StatementMeta(, 044e2740-b0a1-4151-b53f-0939714f9a46, 16, Finished, Available, Finished)

In [14]:
# List all tables
spark.sql("SHOW TABLES").show()

# Check only dbo schema
spark.sql("SHOW TABLES IN dbo").show()


StatementMeta(, 044e2740-b0a1-4151-b53f-0939714f9a46, 17, Finished, Available, Finished)

+--------------------+------------------+-----------+
|           namespace|         tableName|isTemporary|
+--------------------+------------------+-----------+
|`Project WS1`.wwi...|    dimension_city|      false|
|`Project WS1`.wwi...|dimension_customer|      false|
|`Project WS1`.wwi...|    dimension_date|      false|
|`Project WS1`.wwi...|         fact_sale|      false|
+--------------------+------------------+-----------+

+--------------------+------------------+-----------+
|           namespace|         tableName|isTemporary|
+--------------------+------------------+-----------+
|`Project WS1`.wwi...|    dimension_city|      false|
|`Project WS1`.wwi...|dimension_customer|      false|
|`Project WS1`.wwi...|    dimension_date|      false|
|`Project WS1`.wwi...|         fact_sale|      false|
+--------------------+------------------+-----------+



In [15]:
df_fact_sale = spark.read.table("dbo.fact_sale")
df_dimension_date = spark.read.table("dbo.dimension_date")
df_dimension_city = spark.read.table("dbo.dimension_city")

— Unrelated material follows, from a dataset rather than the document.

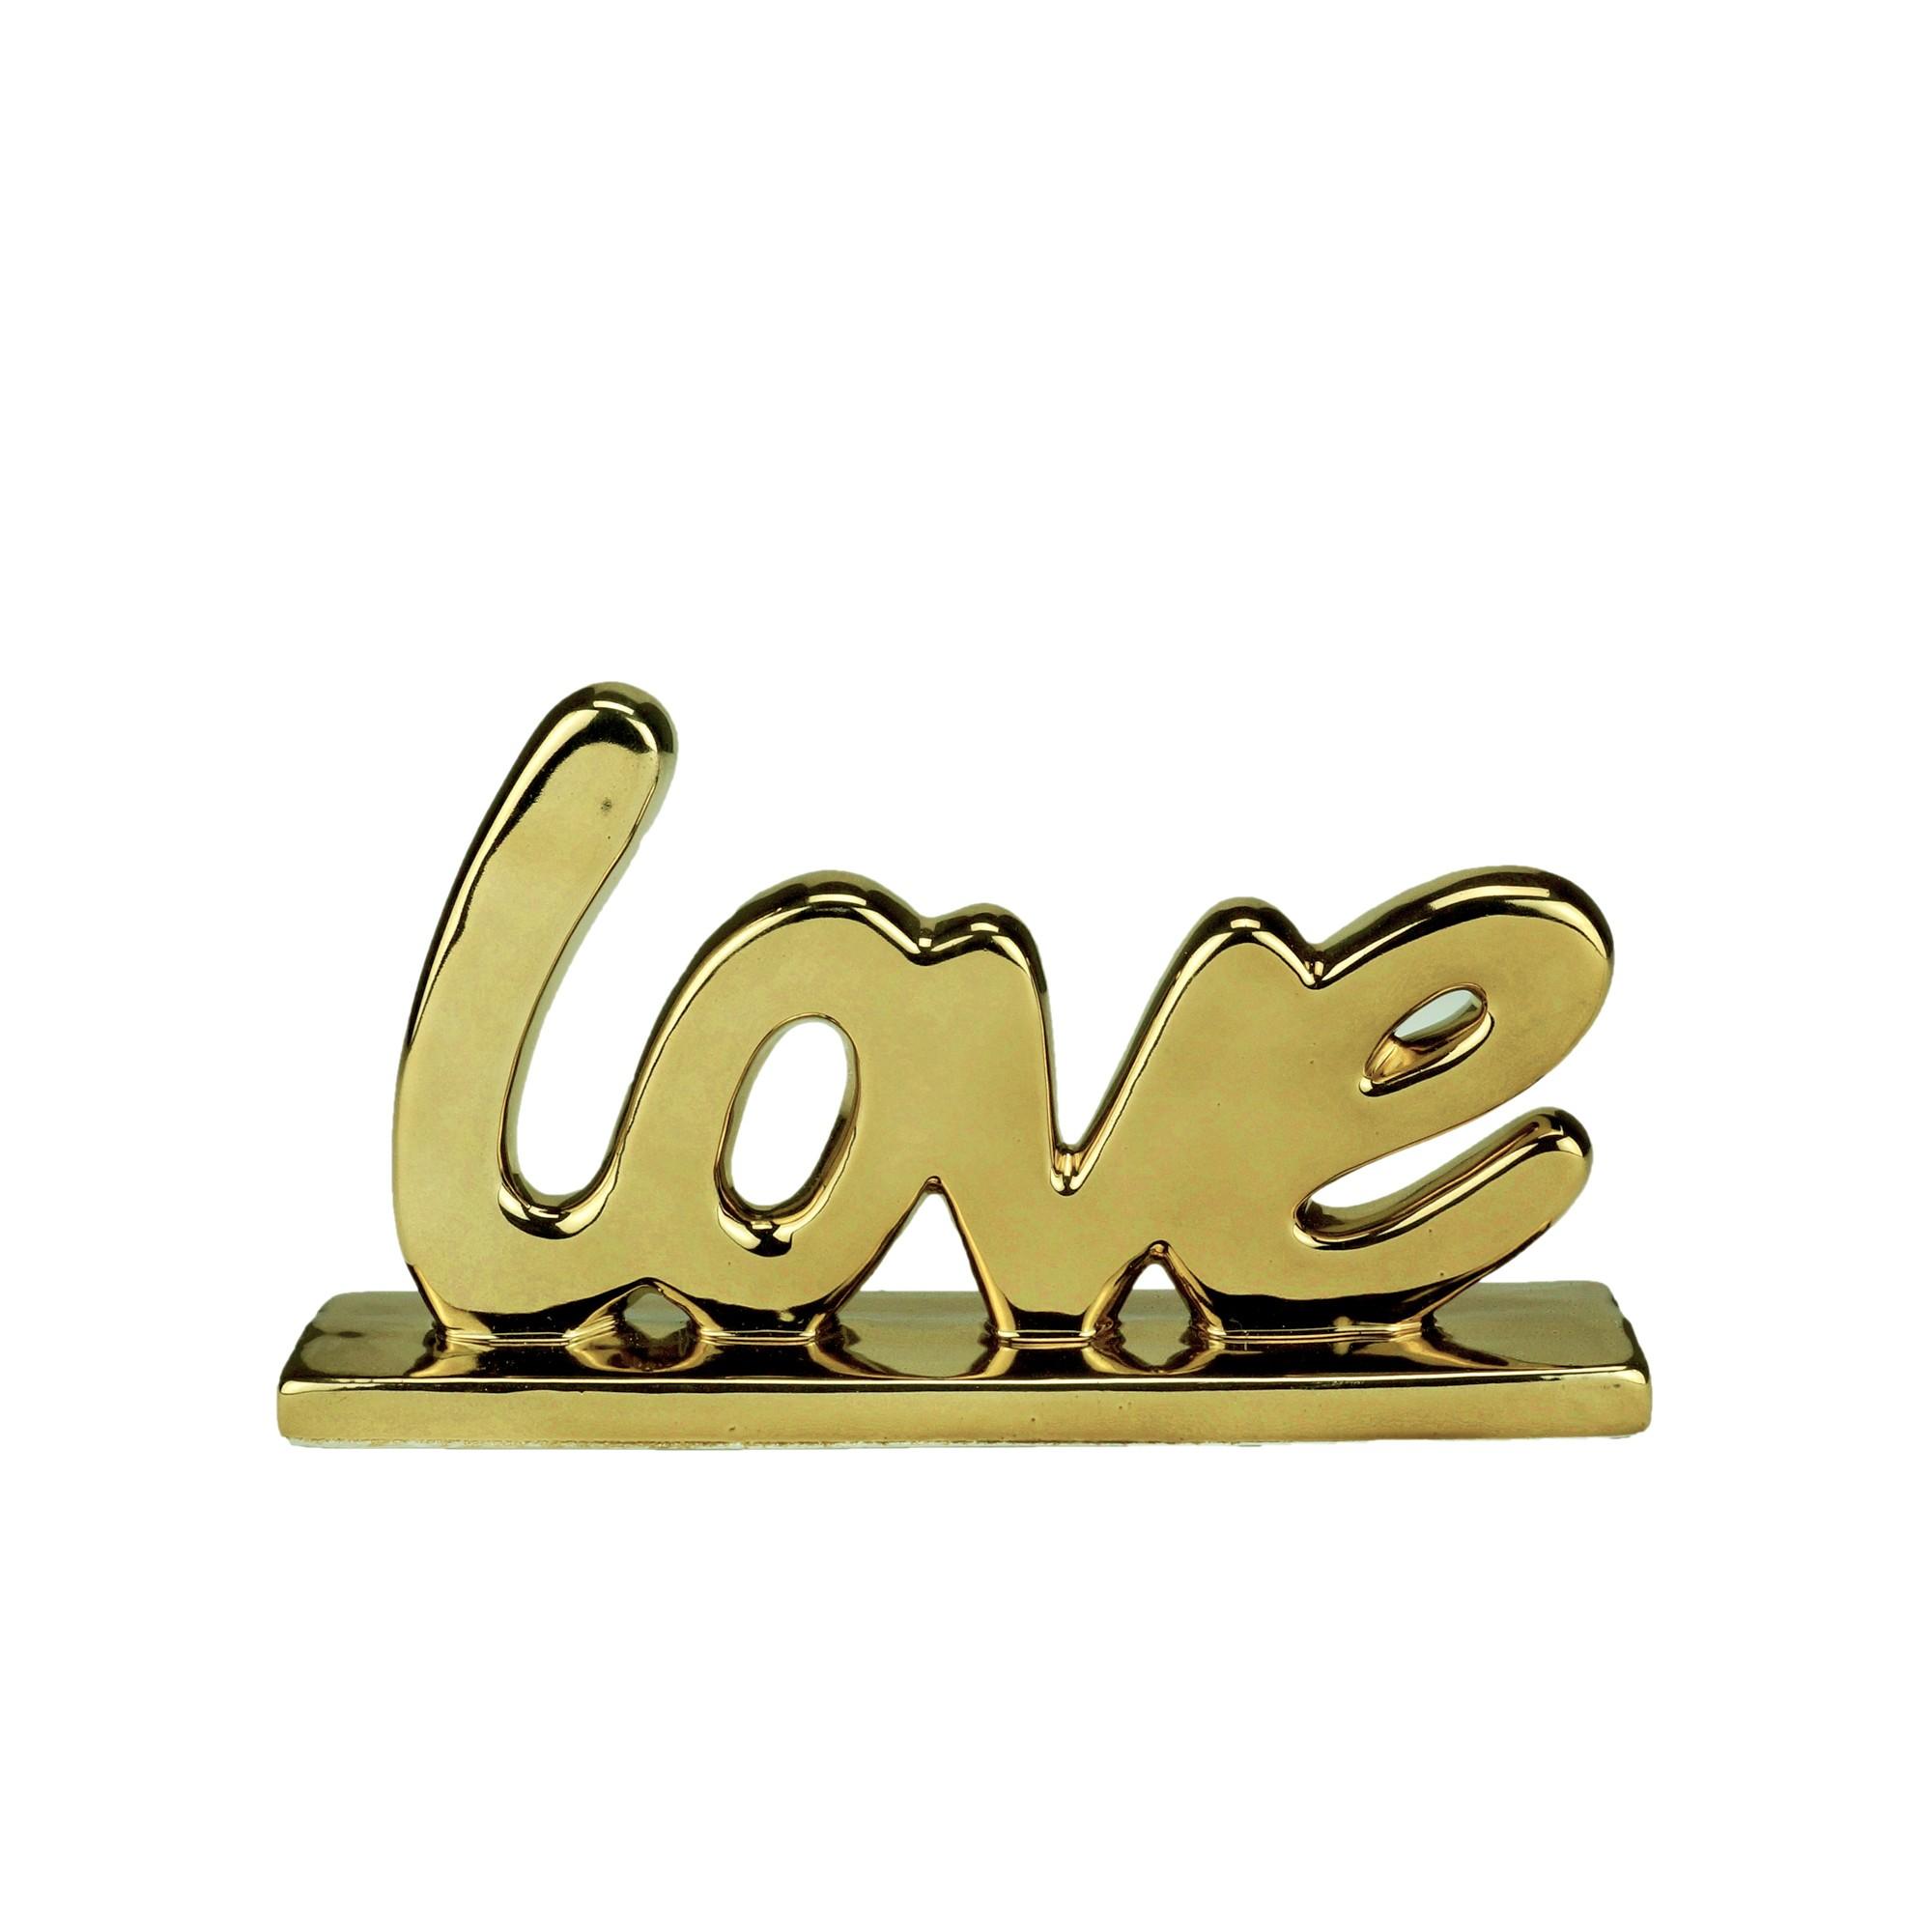 Enfeite Decorativo Porcelana Love 11cm Dourado 44368 - Urban

StatementMeta(, 044e2740-b0a1-4151-b53f-0939714f9a46, 18, Finished, Available, Finished)

In this cell, you are joining these tables using the dataframes created earlier, doing group by to generate aggregation, renaming few of the columns and finally writing it as delta table in the _Tables_ section of the lakehouse.

In [16]:
sale_by_date_city = df_fact_sale.alias("sale") \
.join(df_dimension_date.alias("date"), df_fact_sale.InvoiceDateKey == df_dimension_date.Date, "inner") \
.join(df_dimension_city.alias("city"), df_fact_sale.CityKey == df_dimension_city.CityKey, "inner") \
.select("date.Date", "date.CalendarMonthLabel", "date.Day", "date.ShortMonth", "date.CalendarYear", "city.City", "city.StateProvince", "city.SalesTerritory", "sale.TotalExcludingTax", "sale.TaxAmount", "sale.TotalIncludingTax", "sale.Profit")\
.groupBy("date.Date", "date.CalendarMonthLabel", "date.Day", "date.ShortMonth", "date.CalendarYear", "city.City", "city.StateProvince", "city.SalesTerritory")\
.sum("sale.TotalExcludingTax", "sale.TaxAmount", "sale.TotalIncludingTax", "sale.Profit")\
.withColumnRenamed("sum(TotalExcludingTax)", "SumOfTotalExcludingTax")\
.withColumnRenamed("sum(TaxAmount)", "SumOfTaxAmount")\
.withColumnRenamed("sum(TotalIncludingTax)", "SumOfTotalIncludingTax")\
.withColumnRenamed("sum(Profit)", "SumOfProfit")\
.orderBy("date.Date", "city.StateProvince", "city.City")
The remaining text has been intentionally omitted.